Here's a simple example of how to apply SingLoRA to a transformer model:

```python
from singlora import apply_singlora_to_model
from transformers import AutoModelForSequenceClassification

# Load your model
model = AutoModelForSequenceClassification.from_pretrained("distilbert-base-uncased")

# Apply SingLoRA
apply_singlora_to_model(
    model=model,
    rank=8,              # Low-rank dimension (r in the paper)
    alpha=8.0,           # Scaling factor
    ramp_up_steps=1000,  # Steps for ramp-up function u(t)
    target_modules=["q_lin", "k_lin", "v_lin"]  # Target attention layers
)

# Now only the SingLoRA parameters are trainable
optimizer = torch.optim.AdamW(
    filter(lambda p: p.requires_grad, model.parameters()),
    lr=1e-3
)
```

### Configuration Parameters

- `rank`: The dimension of the low-rank adaptation (r). Lower values mean fewer parameters.
- `alpha`: Scaling factor for the adaptation. Higher values allow larger updates.
- `ramp_up_steps`: Number of steps (T) for the ramp-up function u(t) = min(t/T, 1).
- `target_modules`: List of layer names to apply SingLoRA to.
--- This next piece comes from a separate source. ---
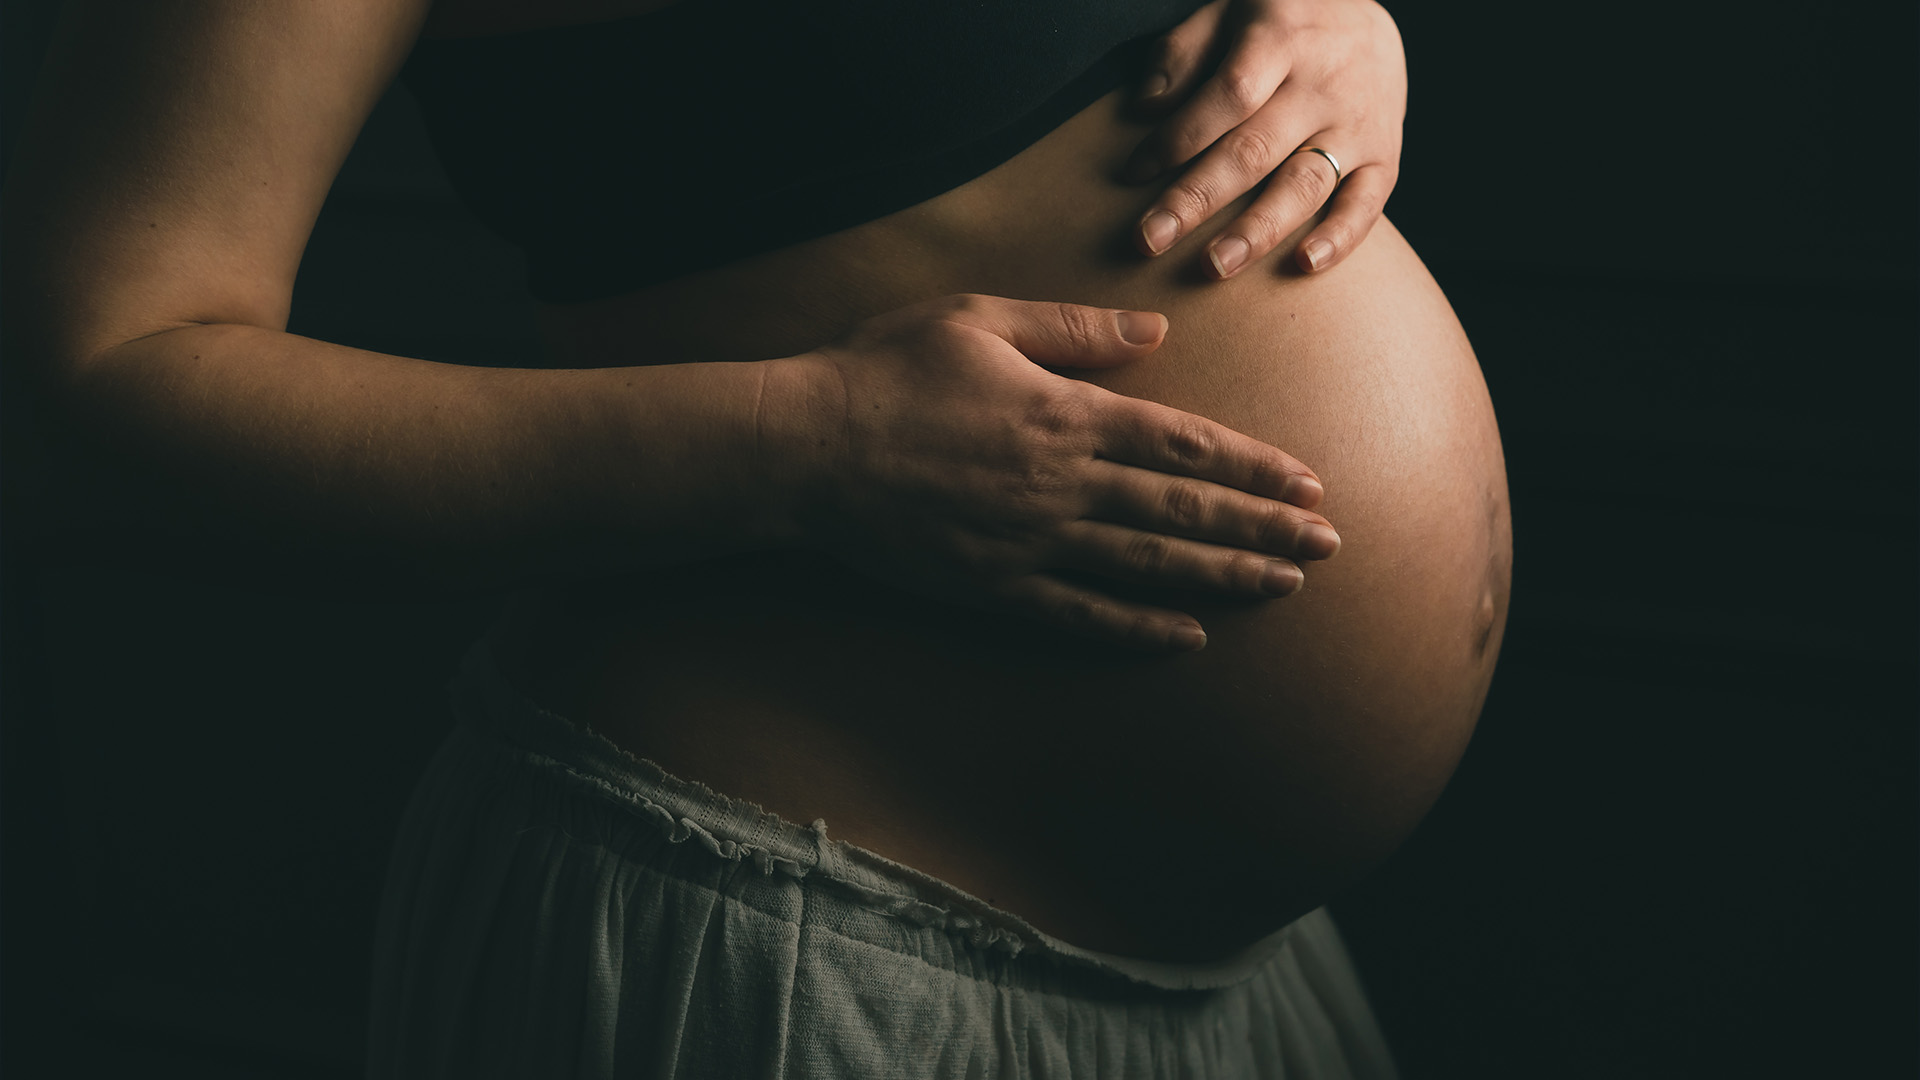 Le projet « Accès aux services juridiques en périnatalité et petite enfance » vise à fournir des ressources, des services et des conseils juridiques aux femmes enceintes racisées et à leur famille vivant en situation de vulnérabilité à Montréal.

Common targets:
  - `["query", "key", "value"]` for standard transformers
  - `["q_lin", "k_lin", "v_lin"]` for DistilBERT
  - `["q_proj", "k_proj", "v_proj"]` for LLaMA models

### Parameter Efficiency

SingLoRA significantly reduces the number of trainable parameters compared to full fine-tuning:

```python
# Example parameter counts
original_params = sum(p.numel() for p in original_model.parameters() if p.requires_grad)
singlora_params = sum(p.numel() for p in model.parameters() if p.requires_grad)

reduction = 100 * (1 - singlora_params / original_params)
print(f"Parameter reduction: {reduction:.2f}%")
```

For a complete working example, see `example.py` in the repository.

### LLaMA Example

Here's how to apply SingLoRA to LLaMA models:

```python
from singlora import apply_singlora_to_model
from transformers import LlamaForCausalLM, LlamaTokenizer
import torch

# Load LLaMA model and tokenizer
model_name = "meta-llama/Llama-2-7b-hf"  # or your local path
model = LlamaForCausalLM.from_pretrained(
    model_name,
    torch_dtype=torch.float16,  # Use float16 for efficiency
    device_map="auto"           # Automatically handle model placement
)
tokenizer = LlamaTokenizer.from_pretrained(model_name)

# Apply SingLoRA to attention layers
apply_singlora_to_model(
    model=model,
    rank=16,              # Can use larger rank for bigger models
    alpha=16.0,           # Increased alpha for stronger adaptation
    ramp_up_steps=2000,   # More steps for larger datasets
    target_modules=[      # LLaMA-specific attention layer names
        "q_proj",
        "k_proj",
        "v_proj"
    ]
)

# Example training setup
optimizer = torch.optim.AdamW(
    filter(lambda p: p.requires_grad, model.parameters()),
    lr=1e-4  # Lower learning rate for LLaMA
)

# Example inference
prompt = "Once upon a time"
inputs = tokenizer(prompt, return_tensors="pt").to(model.device)

with torch.no_grad():
    outputs = model.generate(
        **inputs,
        max_length=100,
        temperature=0.7,
        do_sample=True
    )

print(tokenizer.decode(outputs[0], skip_special_tokens=True))
```

Key differences for LLaMA models:
- Use `LlamaForCausalLM` instead of standard transformer models
- Target the LLaMA-specific projection layers (`q_proj`, `k_proj`, `v_proj`)
- Consider using `float16` for memory efficiency
- Adjust hyperparameters (`rank`, `alpha`, learning rate) for larger models
- Use `device_map="auto"` for automatic model sharding on multiple GPUs

## Citation

If you use this implementation in your research, please cite the original paper:

```bibtex
@misc{bensaïd2025singloralowrankadaptation,
      title={SingLoRA: Low Rank Adaptation Using a Single Matrix}, 
      author={David Bensaïd and Noam Rotstein and Roy Velich and Daniel Bensaïd and Ron Kimmel},
      year={2025},
      eprint={2507.05566},
      archivePrefix={arXiv},
      primaryClass={cs.AI},
      url={https://arxiv.org/abs/2507.05566}, 
}
```

## License

This project is licensed under the MIT License - see the LICENSE file for details.